━━━━━ Dataset records

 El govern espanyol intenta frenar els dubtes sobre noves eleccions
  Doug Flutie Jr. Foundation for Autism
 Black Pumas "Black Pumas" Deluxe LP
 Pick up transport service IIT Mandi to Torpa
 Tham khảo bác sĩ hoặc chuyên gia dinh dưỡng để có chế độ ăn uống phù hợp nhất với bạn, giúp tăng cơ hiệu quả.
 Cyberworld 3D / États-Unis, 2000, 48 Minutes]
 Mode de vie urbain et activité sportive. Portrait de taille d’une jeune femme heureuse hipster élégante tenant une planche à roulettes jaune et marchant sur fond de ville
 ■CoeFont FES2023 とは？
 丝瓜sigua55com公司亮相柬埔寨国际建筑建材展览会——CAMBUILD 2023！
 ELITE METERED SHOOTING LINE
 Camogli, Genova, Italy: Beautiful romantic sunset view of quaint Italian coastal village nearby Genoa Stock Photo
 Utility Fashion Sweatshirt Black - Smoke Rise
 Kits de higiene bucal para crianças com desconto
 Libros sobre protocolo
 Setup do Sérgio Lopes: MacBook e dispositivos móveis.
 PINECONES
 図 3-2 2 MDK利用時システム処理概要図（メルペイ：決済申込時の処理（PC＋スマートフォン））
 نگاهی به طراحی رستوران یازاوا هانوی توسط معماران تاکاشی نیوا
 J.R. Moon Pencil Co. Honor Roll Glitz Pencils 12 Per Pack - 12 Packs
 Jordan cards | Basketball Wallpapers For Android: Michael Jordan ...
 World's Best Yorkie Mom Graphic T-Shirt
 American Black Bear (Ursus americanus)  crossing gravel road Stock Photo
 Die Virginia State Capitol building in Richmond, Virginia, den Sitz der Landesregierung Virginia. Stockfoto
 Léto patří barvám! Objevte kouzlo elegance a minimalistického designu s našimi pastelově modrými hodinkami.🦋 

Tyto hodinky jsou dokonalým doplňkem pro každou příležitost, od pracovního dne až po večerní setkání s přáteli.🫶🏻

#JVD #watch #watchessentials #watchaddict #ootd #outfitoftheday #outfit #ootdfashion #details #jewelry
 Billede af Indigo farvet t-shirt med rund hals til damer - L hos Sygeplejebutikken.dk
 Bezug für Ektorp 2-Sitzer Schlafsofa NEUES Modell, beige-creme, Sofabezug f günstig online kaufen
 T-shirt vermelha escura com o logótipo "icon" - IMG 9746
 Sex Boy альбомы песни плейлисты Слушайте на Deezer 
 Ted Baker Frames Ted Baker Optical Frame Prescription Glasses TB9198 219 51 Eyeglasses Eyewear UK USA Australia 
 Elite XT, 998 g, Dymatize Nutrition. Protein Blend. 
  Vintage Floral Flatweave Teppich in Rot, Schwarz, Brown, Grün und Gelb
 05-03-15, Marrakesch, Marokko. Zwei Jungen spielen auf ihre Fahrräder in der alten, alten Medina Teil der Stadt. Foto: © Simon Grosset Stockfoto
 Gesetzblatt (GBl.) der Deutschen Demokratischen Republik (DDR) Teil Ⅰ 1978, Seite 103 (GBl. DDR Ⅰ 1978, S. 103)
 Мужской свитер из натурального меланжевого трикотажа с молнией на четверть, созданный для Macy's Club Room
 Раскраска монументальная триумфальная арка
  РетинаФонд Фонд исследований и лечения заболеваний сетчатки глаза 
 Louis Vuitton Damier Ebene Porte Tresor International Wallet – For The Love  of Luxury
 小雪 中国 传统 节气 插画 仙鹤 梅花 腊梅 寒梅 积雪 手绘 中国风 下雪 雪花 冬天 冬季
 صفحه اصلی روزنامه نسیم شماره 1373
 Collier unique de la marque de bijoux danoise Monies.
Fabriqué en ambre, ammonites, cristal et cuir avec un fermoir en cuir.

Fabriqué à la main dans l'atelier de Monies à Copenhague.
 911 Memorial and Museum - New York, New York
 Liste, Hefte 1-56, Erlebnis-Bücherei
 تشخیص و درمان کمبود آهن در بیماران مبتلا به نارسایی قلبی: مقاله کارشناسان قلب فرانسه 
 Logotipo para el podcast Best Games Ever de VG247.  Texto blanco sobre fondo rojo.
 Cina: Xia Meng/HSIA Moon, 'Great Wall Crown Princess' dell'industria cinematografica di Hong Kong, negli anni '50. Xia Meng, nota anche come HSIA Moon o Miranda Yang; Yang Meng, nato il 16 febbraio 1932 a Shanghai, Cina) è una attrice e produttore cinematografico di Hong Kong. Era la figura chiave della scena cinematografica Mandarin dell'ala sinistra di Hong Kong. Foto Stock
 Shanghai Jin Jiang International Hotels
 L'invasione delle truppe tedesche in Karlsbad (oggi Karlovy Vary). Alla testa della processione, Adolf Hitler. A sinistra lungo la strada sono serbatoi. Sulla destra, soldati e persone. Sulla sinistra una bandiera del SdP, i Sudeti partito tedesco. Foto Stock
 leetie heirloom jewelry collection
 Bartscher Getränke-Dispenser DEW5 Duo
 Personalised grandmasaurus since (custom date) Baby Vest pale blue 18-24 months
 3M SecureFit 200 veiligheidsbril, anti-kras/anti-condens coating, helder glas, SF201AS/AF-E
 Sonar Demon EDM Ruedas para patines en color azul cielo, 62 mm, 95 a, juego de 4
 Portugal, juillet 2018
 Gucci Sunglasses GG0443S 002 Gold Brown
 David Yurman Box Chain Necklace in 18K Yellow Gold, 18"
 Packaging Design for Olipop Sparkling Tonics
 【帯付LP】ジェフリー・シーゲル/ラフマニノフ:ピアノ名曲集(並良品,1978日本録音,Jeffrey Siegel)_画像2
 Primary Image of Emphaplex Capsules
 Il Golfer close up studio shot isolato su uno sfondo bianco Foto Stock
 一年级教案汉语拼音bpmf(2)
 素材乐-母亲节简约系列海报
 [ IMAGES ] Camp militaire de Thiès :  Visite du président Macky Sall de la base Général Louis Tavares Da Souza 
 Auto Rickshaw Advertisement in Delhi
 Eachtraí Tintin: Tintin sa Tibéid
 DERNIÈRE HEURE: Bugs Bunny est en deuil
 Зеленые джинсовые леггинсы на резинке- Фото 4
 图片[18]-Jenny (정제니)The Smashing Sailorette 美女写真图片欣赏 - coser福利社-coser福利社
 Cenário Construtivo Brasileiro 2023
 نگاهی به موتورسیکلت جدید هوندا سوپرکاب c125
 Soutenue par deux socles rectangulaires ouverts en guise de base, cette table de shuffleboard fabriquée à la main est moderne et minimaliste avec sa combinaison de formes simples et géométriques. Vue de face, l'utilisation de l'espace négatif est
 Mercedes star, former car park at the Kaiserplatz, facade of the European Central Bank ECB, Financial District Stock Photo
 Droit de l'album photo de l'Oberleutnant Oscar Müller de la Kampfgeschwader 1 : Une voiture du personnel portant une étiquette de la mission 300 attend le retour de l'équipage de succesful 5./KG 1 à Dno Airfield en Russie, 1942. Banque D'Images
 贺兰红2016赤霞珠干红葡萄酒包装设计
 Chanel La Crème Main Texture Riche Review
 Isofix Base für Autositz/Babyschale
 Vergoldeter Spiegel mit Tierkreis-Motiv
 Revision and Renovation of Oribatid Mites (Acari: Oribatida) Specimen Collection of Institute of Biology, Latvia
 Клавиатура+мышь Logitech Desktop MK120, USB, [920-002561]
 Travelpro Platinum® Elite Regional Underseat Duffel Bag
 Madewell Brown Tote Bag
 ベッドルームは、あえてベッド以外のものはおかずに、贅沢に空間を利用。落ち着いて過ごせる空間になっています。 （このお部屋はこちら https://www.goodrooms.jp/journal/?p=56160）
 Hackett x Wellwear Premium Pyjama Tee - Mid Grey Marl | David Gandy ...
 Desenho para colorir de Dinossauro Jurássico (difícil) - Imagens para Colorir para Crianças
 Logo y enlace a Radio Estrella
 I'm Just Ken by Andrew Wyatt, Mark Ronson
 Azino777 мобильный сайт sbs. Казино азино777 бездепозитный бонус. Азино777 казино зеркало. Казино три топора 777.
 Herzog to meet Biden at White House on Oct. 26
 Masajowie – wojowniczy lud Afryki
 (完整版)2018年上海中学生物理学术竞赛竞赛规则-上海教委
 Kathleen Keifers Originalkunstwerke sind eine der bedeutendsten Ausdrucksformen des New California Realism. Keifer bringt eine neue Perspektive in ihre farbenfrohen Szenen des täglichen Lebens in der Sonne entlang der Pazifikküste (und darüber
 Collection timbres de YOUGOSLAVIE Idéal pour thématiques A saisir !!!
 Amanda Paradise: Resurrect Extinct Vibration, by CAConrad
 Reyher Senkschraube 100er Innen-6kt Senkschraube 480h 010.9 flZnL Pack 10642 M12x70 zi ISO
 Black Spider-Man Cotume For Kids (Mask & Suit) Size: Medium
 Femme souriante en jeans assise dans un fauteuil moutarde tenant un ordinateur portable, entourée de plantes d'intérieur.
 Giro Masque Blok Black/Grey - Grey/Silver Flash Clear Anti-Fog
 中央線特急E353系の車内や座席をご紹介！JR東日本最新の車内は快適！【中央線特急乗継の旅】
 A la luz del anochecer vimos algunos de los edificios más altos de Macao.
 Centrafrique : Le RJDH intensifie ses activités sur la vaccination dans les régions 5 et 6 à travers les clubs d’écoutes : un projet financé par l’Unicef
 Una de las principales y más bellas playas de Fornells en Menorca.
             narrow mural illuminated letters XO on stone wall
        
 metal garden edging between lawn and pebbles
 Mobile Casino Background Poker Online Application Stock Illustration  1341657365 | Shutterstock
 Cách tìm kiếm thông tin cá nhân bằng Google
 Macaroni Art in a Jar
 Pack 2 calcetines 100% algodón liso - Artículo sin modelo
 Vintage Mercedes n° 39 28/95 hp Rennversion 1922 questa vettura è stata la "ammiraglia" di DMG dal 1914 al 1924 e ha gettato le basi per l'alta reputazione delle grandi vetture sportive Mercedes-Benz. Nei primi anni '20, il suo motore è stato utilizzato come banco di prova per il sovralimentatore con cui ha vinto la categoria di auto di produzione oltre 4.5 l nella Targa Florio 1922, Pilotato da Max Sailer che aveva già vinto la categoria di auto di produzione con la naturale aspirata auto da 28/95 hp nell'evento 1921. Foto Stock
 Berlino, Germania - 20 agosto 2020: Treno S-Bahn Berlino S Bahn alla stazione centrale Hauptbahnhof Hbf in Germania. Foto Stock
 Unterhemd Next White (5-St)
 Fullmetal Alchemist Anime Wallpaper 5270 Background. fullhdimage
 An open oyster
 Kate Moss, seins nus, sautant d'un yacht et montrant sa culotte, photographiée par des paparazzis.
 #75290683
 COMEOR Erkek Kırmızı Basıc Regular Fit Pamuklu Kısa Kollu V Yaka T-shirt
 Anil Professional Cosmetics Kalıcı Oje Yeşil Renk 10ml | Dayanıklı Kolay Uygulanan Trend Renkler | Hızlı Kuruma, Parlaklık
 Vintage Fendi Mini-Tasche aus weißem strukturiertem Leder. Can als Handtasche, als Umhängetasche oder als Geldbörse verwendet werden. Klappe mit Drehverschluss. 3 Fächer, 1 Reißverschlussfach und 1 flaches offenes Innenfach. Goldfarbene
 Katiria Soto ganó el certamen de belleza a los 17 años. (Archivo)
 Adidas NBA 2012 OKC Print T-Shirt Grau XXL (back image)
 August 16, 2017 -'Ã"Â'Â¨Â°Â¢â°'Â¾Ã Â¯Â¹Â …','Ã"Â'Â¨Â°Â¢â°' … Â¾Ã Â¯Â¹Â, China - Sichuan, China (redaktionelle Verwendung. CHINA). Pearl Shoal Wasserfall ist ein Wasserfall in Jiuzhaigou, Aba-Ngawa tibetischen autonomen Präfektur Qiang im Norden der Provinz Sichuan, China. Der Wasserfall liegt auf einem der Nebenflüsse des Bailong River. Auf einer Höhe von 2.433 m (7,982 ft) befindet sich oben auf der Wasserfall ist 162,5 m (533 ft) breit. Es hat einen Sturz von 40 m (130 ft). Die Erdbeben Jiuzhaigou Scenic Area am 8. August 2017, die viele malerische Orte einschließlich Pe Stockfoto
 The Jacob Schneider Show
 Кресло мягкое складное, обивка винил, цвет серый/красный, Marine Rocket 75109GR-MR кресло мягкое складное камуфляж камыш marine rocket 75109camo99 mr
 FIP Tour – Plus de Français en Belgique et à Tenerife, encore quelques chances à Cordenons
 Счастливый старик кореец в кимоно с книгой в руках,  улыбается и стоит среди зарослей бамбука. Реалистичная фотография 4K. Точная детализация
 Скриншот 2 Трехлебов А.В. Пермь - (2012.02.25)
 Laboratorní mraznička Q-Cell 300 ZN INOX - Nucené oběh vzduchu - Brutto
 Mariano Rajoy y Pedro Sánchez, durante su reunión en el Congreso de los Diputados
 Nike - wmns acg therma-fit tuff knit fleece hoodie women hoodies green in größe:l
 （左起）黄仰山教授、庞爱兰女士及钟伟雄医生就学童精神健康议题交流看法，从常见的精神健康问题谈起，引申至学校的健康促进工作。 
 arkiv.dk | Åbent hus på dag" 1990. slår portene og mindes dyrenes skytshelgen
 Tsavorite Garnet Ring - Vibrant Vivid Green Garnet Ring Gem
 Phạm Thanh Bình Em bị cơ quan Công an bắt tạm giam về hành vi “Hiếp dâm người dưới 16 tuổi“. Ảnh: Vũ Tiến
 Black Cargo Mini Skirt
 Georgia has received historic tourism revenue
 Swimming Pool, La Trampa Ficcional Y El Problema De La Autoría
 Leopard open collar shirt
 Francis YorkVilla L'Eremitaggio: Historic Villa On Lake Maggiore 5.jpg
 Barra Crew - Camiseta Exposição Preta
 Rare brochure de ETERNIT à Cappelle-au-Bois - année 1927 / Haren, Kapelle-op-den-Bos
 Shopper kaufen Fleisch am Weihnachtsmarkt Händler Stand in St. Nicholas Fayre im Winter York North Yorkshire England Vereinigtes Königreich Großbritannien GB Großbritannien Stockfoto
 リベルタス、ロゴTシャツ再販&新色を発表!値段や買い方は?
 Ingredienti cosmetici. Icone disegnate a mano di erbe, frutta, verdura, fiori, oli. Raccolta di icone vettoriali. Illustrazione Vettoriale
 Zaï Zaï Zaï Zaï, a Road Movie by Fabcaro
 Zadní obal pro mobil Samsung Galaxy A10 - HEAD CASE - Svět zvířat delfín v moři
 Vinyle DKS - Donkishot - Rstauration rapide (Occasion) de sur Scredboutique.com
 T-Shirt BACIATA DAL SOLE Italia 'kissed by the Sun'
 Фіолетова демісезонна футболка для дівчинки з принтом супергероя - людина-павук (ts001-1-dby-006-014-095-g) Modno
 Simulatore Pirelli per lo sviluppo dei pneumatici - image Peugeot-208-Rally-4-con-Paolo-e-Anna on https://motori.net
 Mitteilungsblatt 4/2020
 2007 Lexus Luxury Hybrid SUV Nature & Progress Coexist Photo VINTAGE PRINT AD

━━━━━━━━━━

*What the task requires*:
Produce only the lines from the line containing "Зеленые джинсовые леггинсы" through the line containing "نگاهی به موتورسیکلت جدید هوندا سوپرکاب c125", inclusive of both, exactly as they stand in the entries above.

*Solution to the problem*:
 Зеленые джинсовые леггинсы на резинке- Фото 4
 图片[18]-Jenny (정제니)The Smashing Sailorette 美女写真图片欣赏 - coser福利社-coser福利社
 Cenário Construtivo Brasileiro 2023
 نگاهی به موتورسیکلت جدید هوندا سوپرکاب c125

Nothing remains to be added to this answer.